How long will it take before he gets bored with me? How long before he misses the friction and unpredictability of someone like Grace?

Next to the dresses inside the wardrobe, there’s a set of dark wooden drawers.

On top of them is a jewelry box with three trays.

I pull out the first and find four pairs of earrings.

I pick out a pair with small diamonds and put them on.

The next tray has various necklaces, all tasteful and expensive.

The third is filled with miscellaneous objects—hair-ties, bracelets, and a small golden ring.

“Whoa.”

I jump at the voice and immediately feel myself blush.

I cross my arms, suddenly aware of how tight the dress feels across my chest. “I’m not wearing this, just so you know.

I just wanted to see how it fits.” I glance at myself in the mirror and cover my face with my hands.

“Oh God, what am I doing? I’ve had too much to drink. What did the police say?”

“They said to go in and file a report when the roads are open. I think they’re stretched with the fires, and I didn’t make it sound too urgent.” I reach behind to unzip the dress, but he grabs my hand. “It’s fine,” he says, his voice low. “For a second, I thought you were her.”

“It’s a little snug.”

“In all the right places.” He turns me around so I’m facing the mirror once more and kisses me on the neck. “You are much more beautiful than her, you know.”

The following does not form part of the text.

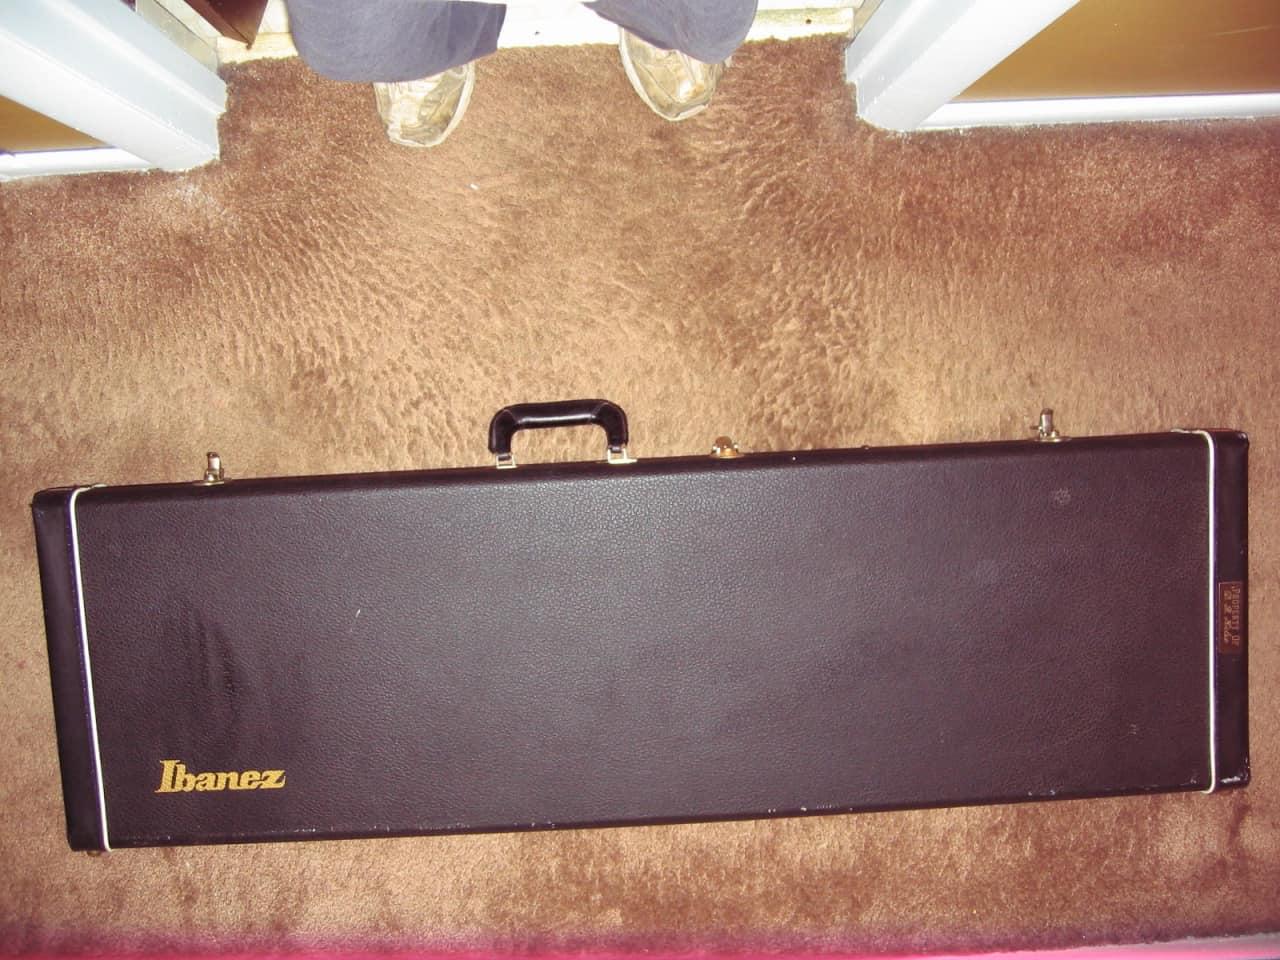 Vintage Guitar Case : vintage ibanez guitar case or bass guitar case reverb ~ Russianpoet.info Haus und Dekorationen

I’m ashamed at how much I want to hear this.

“It’s wrong,” I insist. “We can clean my old clothes.”

“That’s impossible. They’re ruined. Anyway, why are you so skittish? Grace tormented you. She was going to kill you. There’s no need to feel guilty. For once in your life, enjoy what you have.”

His hands wander from my waist to my breasts. I look at them, the same hands that killed Grace, and wait to feel the fear and disgust I felt yesterday. But it doesn’t come. Instead, I feel a strange and forbidden ripple of desire.

This is wrong, my inner voice screams—but there’s another voice. This voice has had three glasses of champagne in the last hour, and it’s ready to say, fuck it.

I reach for the zip, but he stops my hand.

“No,” he says, hitching up my dress while he looks at me in the mirror. “Leave it on.”